協力隊時代。農村部の女性たちに向けて開いたパッチワーク教室の様子

協力隊時代。農村部の女性たちに向けて開いたパッチワーク教室の様子

   新卒でNTTに入社し、社会人としてのキャリアをスタートさせた今井奈保子さん。ところが45歳にして小さなフェアトレードショップを開くことになったのは、27歳で青年海外協力隊としてスリランカへ行ったことに端を発する。

   社会人5年目。出向・出張に忙しく外資系企業との仕事も多い中、外国人との価値観の違いに翻弄されつつも、面白味を感じていた。そんな時、目にしたのが青年海外協力隊のポスターだ。「会社の業務以外で海外へ行き、自分で考えて行動する経験を積むチャンスだと思いました」。
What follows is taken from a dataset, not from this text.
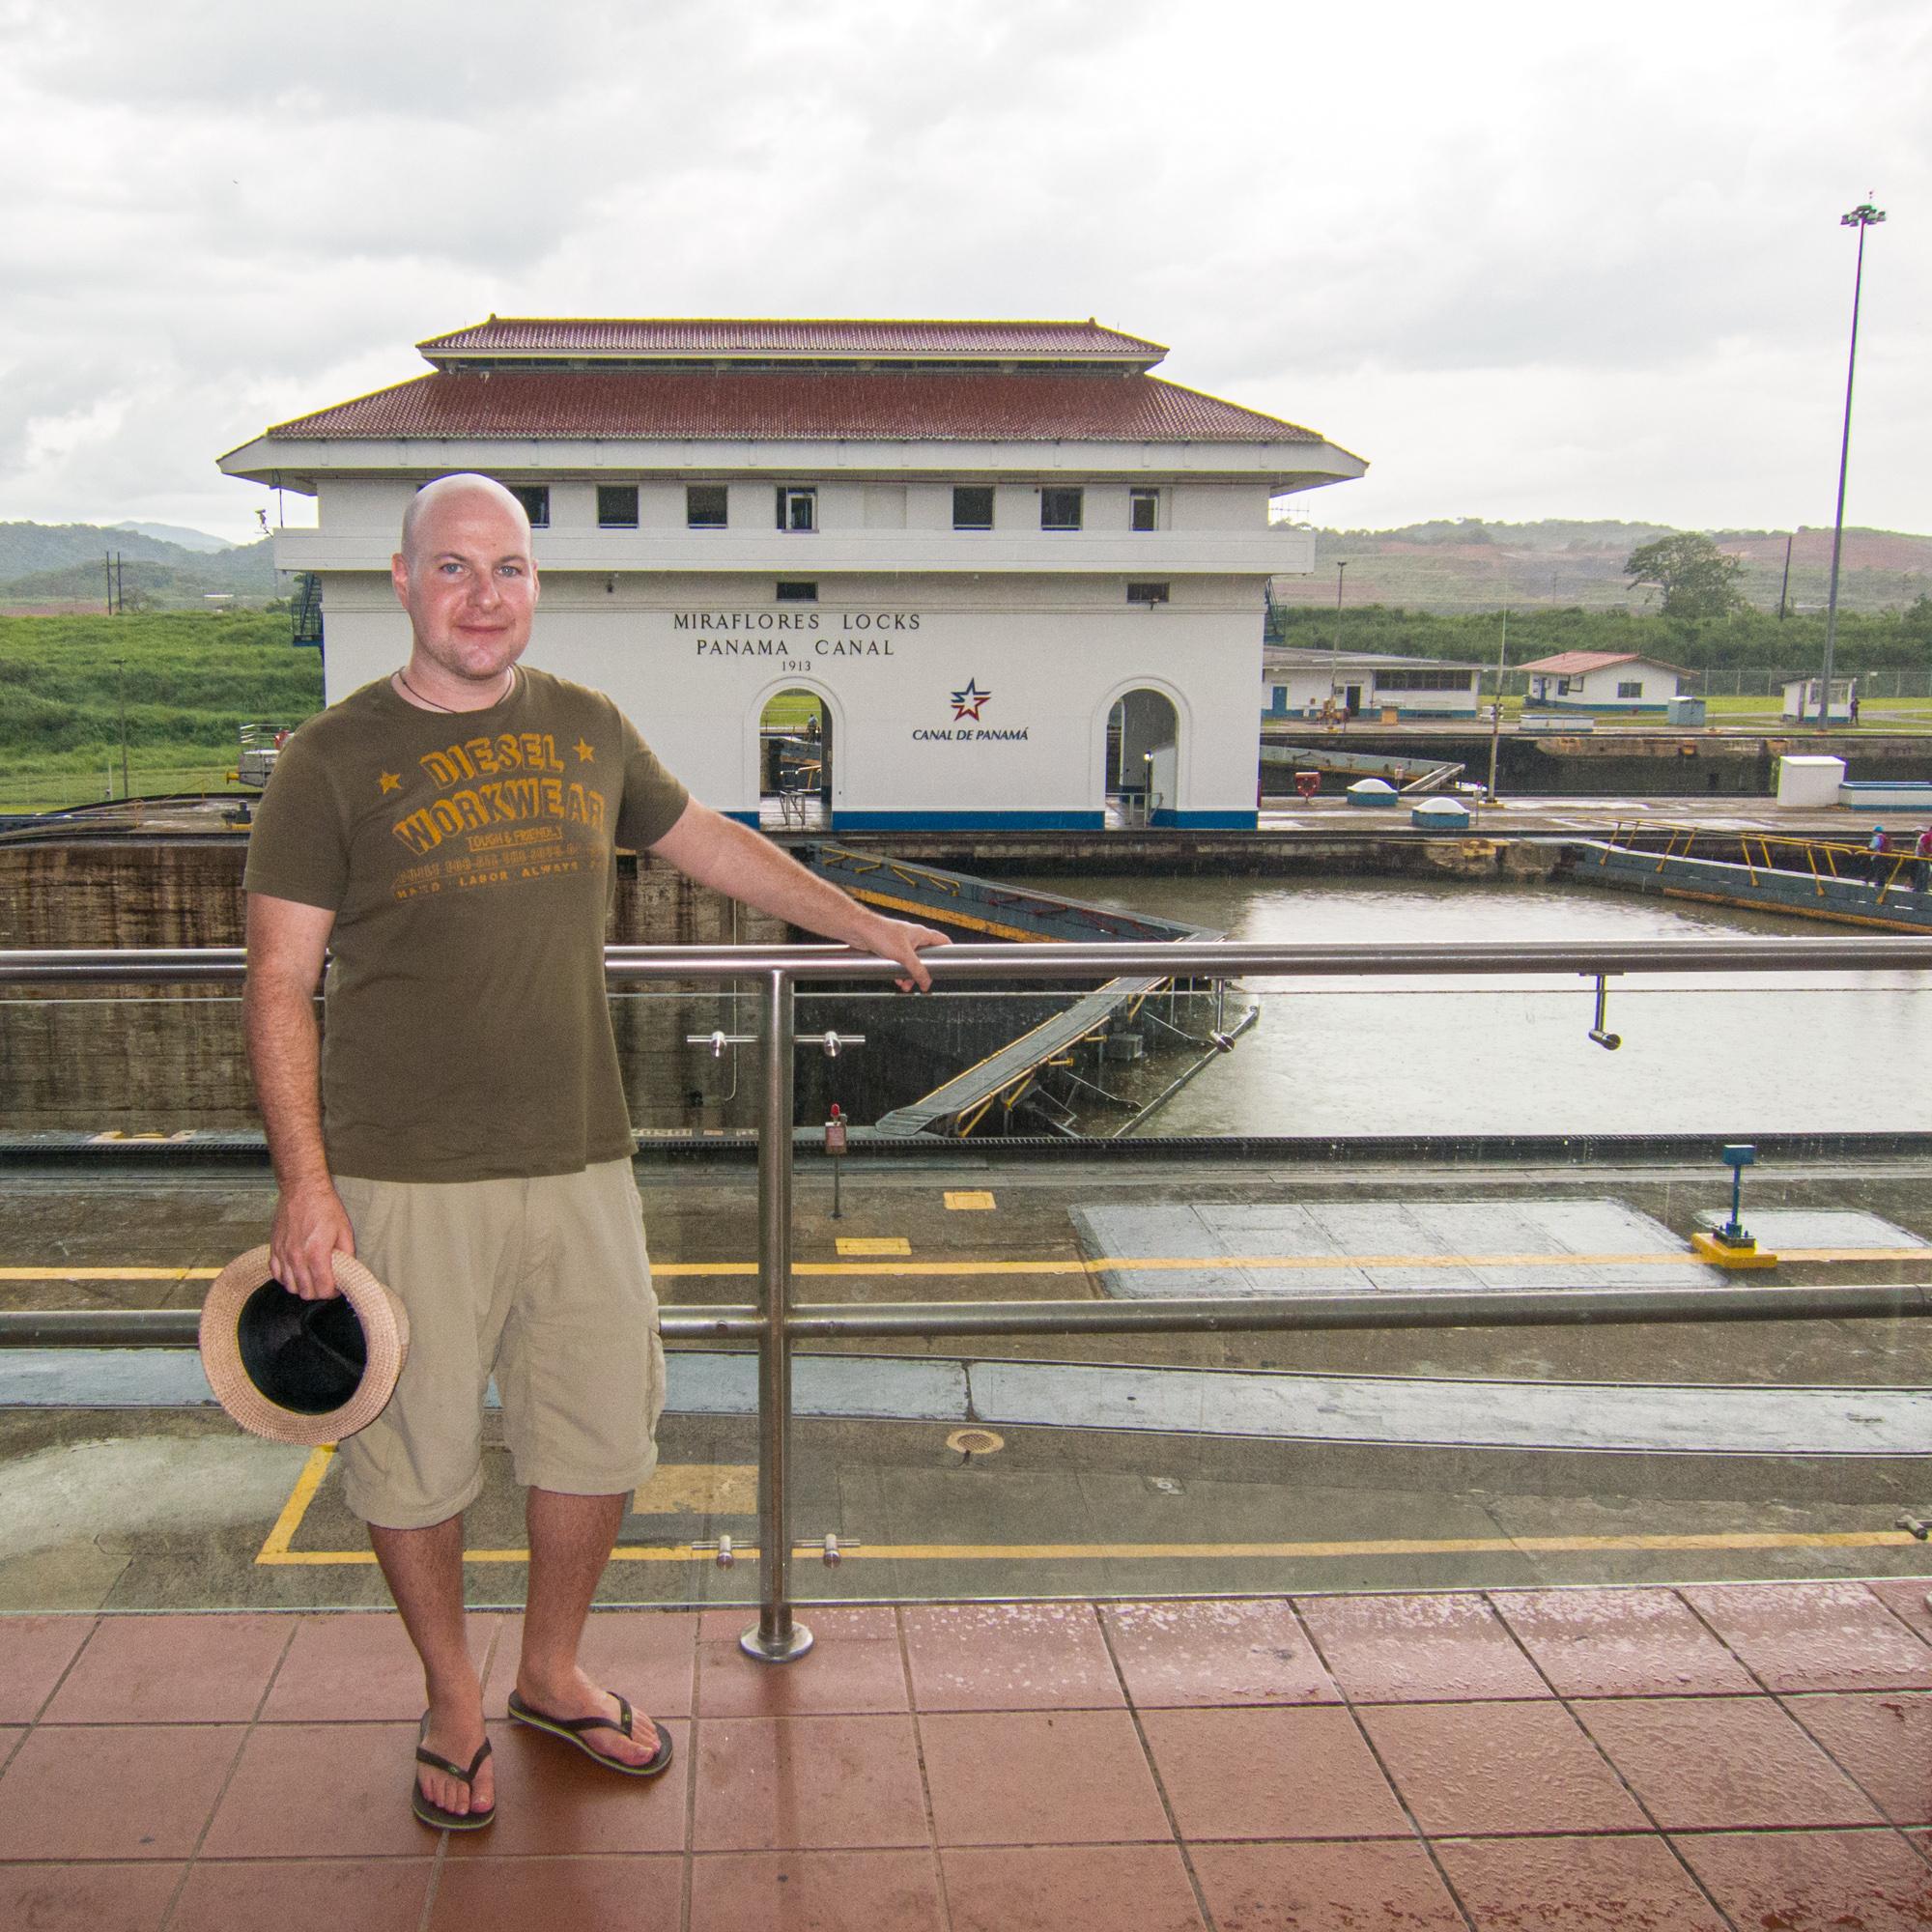 Miraflores Locks at Panama Canal

   1993年、ボランティア休暇を取得し、現職参加で派遣されたのはスリランカ。農村部の現金収入向上を目指し、女性たちと民族衣装であるサリーの端切れを縫い合わせたパッチワーク小物を作って売り歩いた。

「私は縫い物が苦手なので、サンプル制作は先輩隊員にお願いしました。村の女性たちには何度も作り直してもらい、きれいに仕上がった物を街へ売りに行きました」

   ところがある日、いつも買ってくれていた店から取引を打ち切られてしまう。代わりに店に並んでいたのは大量生産されたコピー商品。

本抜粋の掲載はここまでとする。